[[ INPUT DATA, beginning ]]

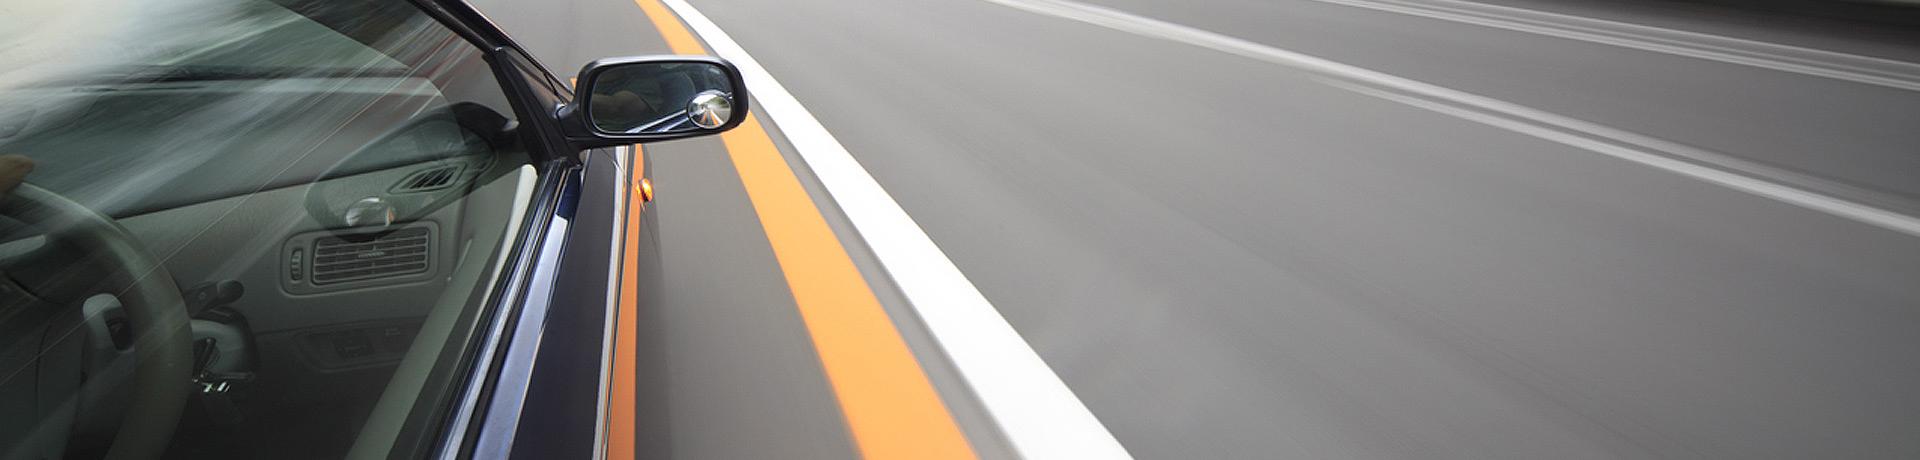 Orange County Teen Drivers - Wheely Good Driving School
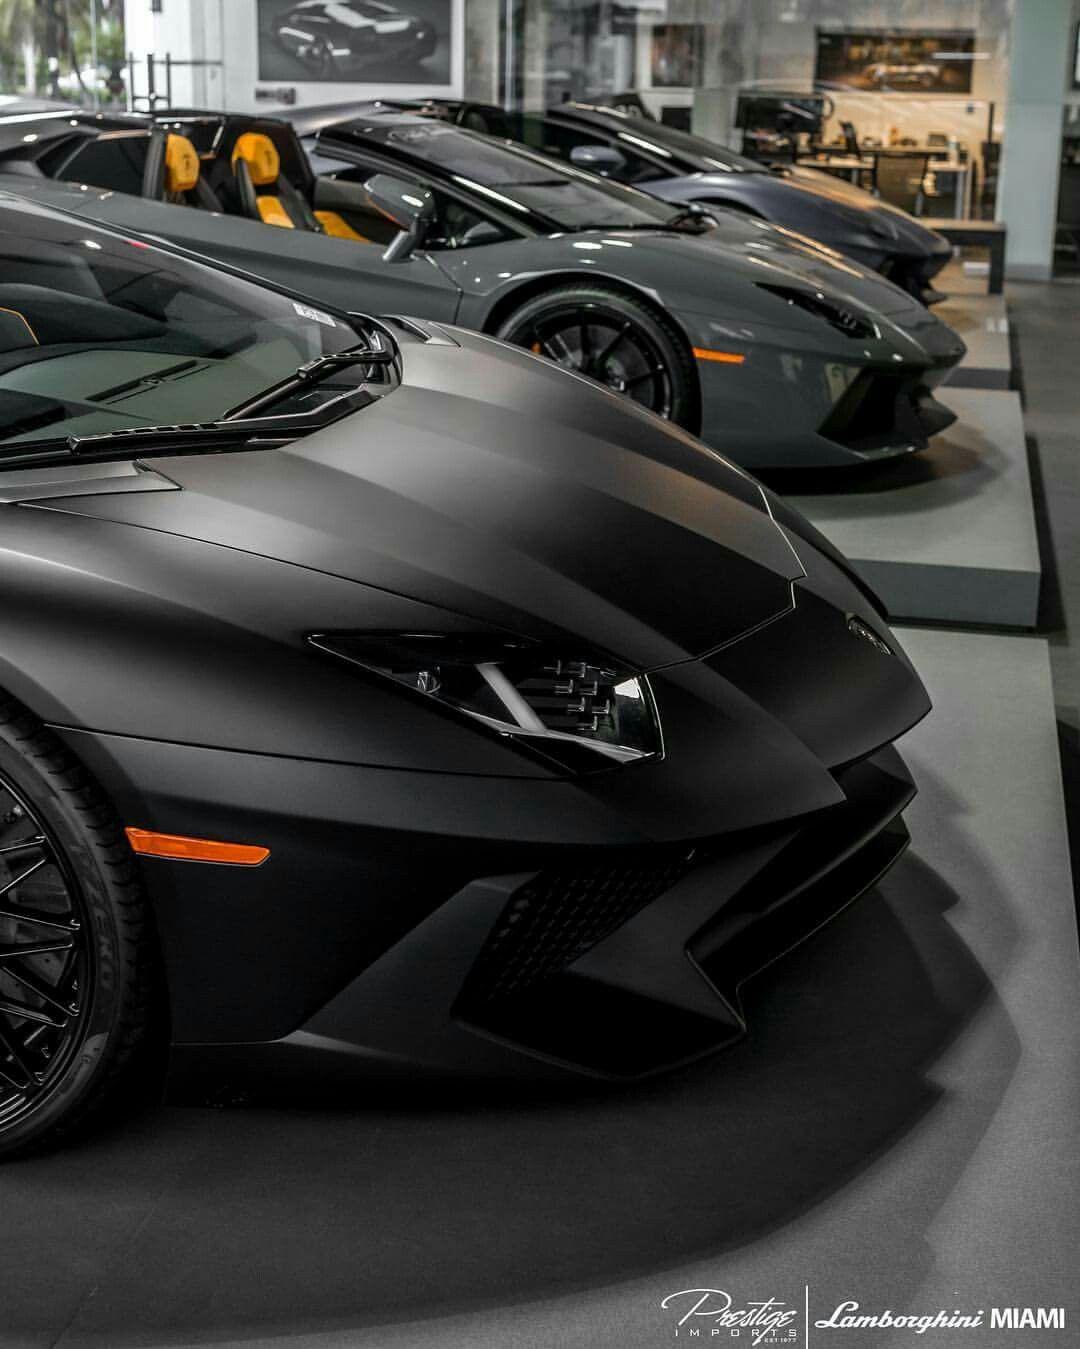 Sw Sports Car Koenigsegg Toyota: Lamborghini, Sports Car, Car
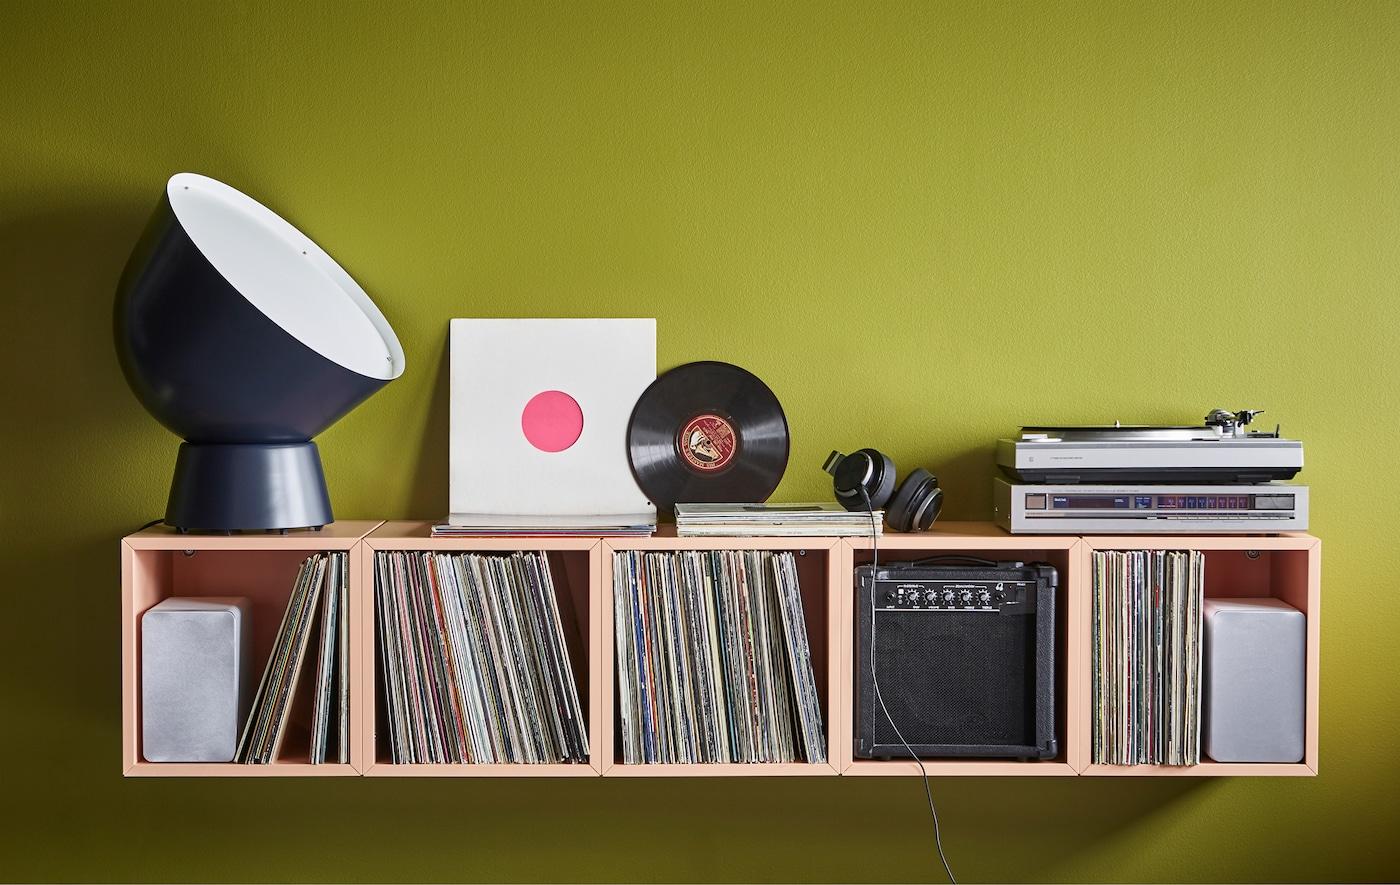 A home DJ-station uses EKET cabinets in light orange for record storage.
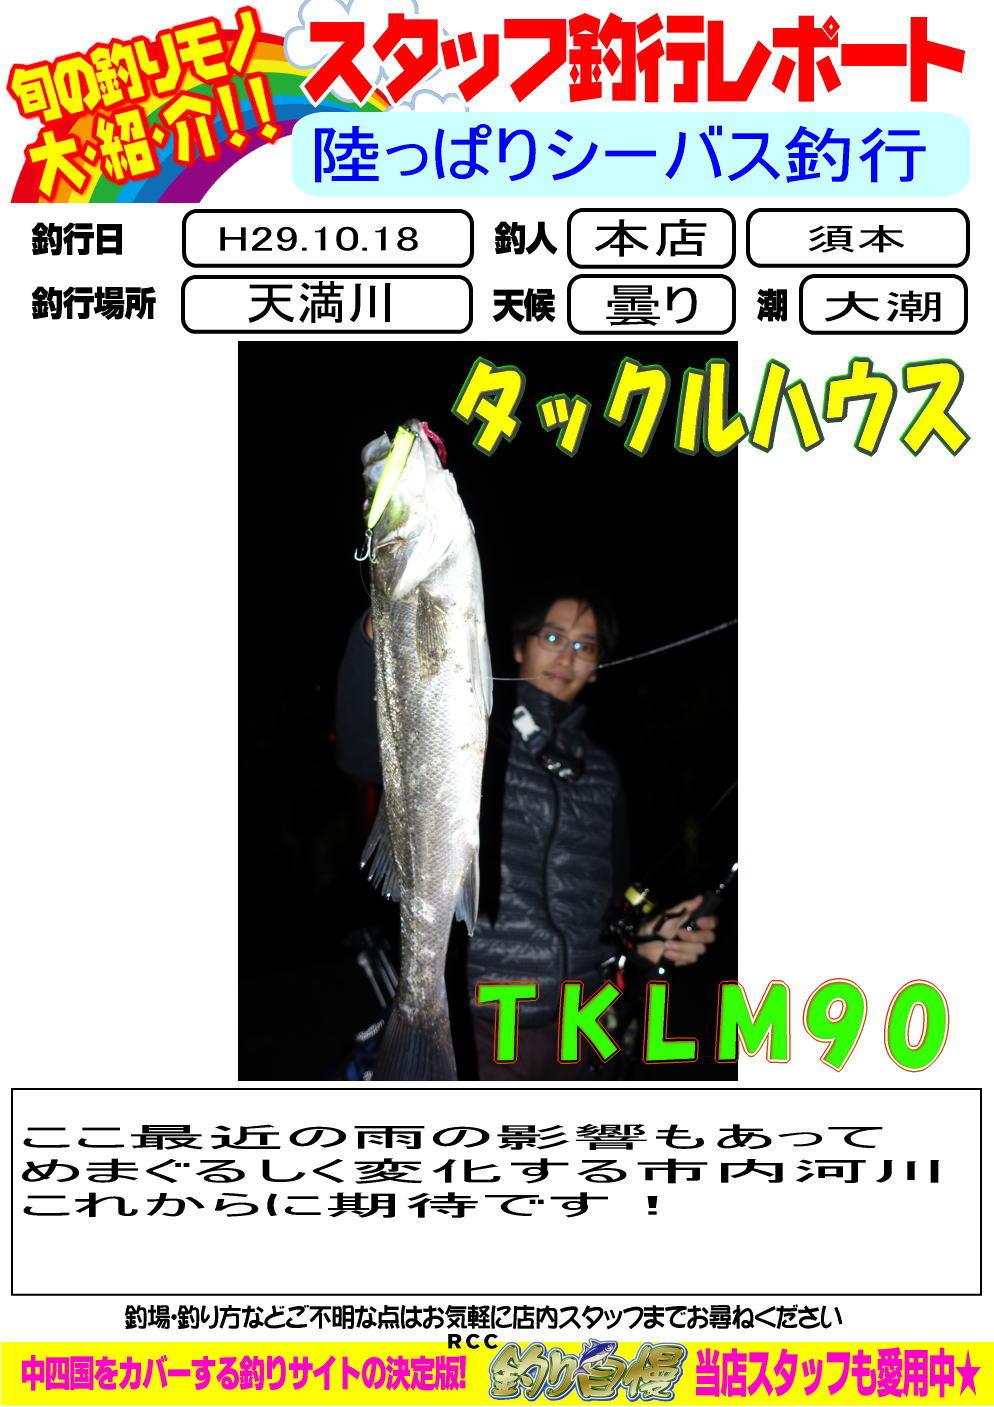 http://www.e-angle.co.jp/shop/blog/H29.10.22.jpg
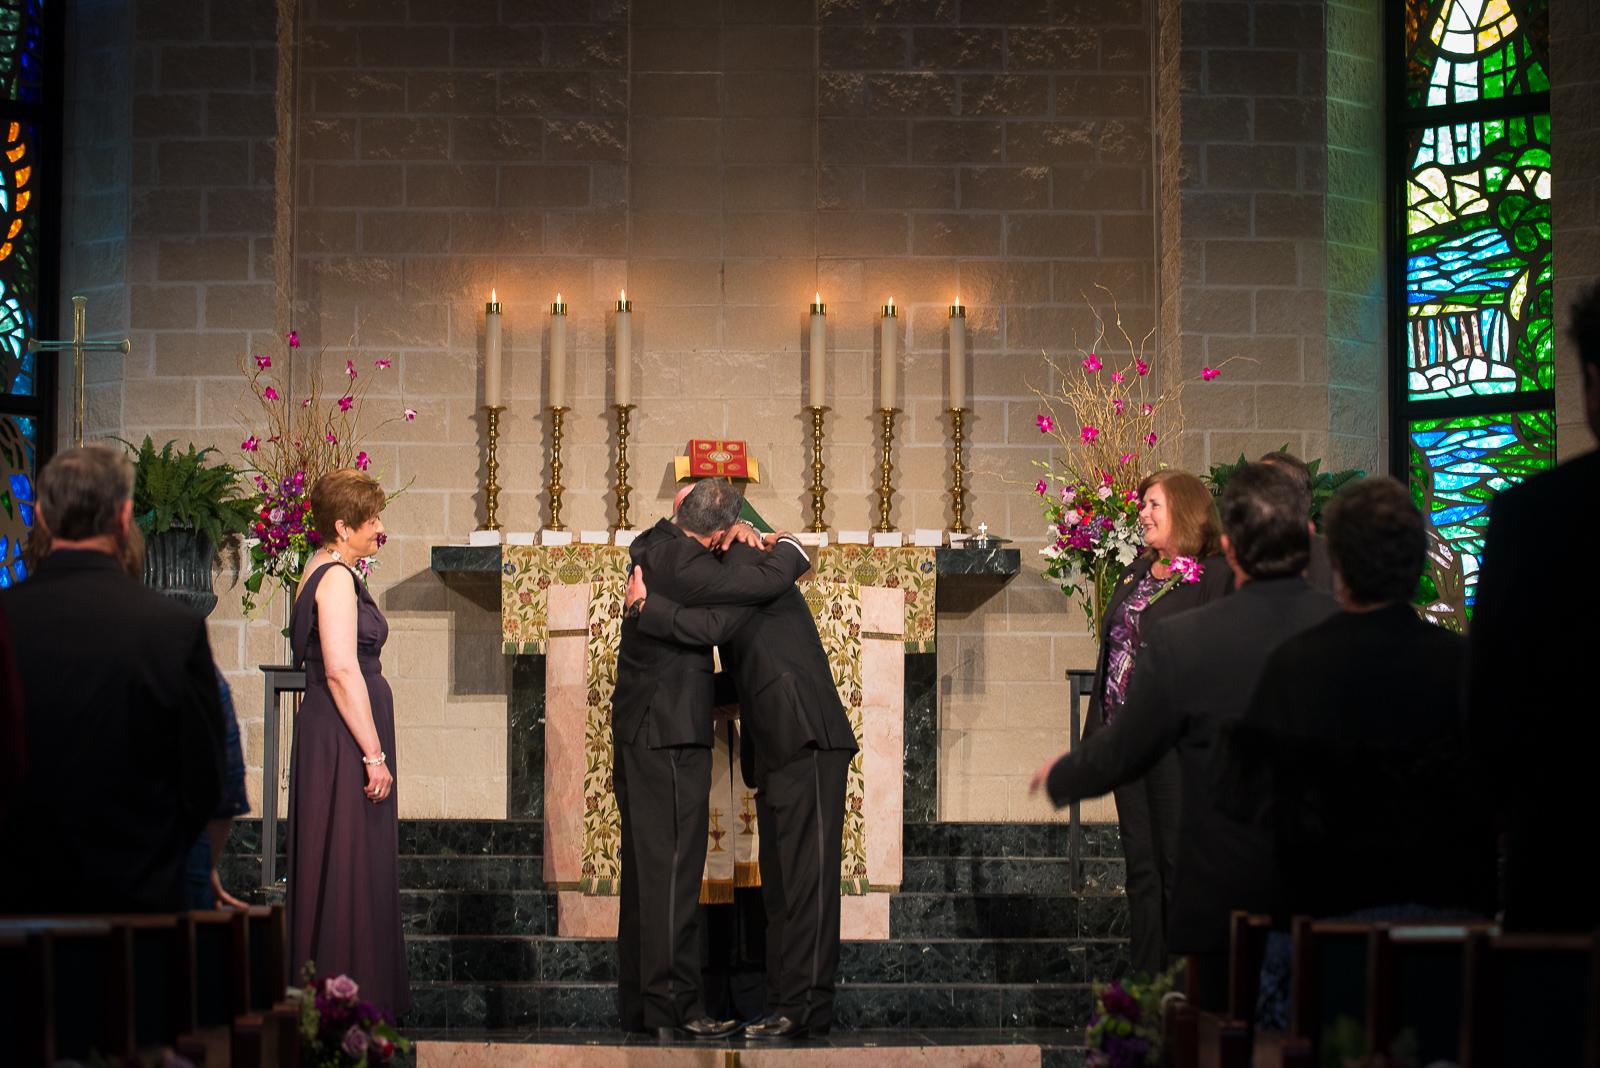 Michael-Napier-Weddings-Ludwig-Guilbeau Wedding-20 (20).jpg

[[ INPUT DATA, end ]]

WHAT YOU HAVE TO DO:
Transcribe only the lines from the one holding "Sw Sports Car" through the last line of the listing above, inclusive, and do not include the pictures.

ANSWER BOX:
 Sw Sports Car Koenigsegg Toyota: Lamborghini, Sports Car, Car
 A home DJ-station uses EKET cabinets in light orange for record storage.
 http://www.e-angle.co.jp/shop/blog/H29.10.22.jpg
 Michael-Napier-Weddings-Ludwig-Guilbeau Wedding-20 (20).jpg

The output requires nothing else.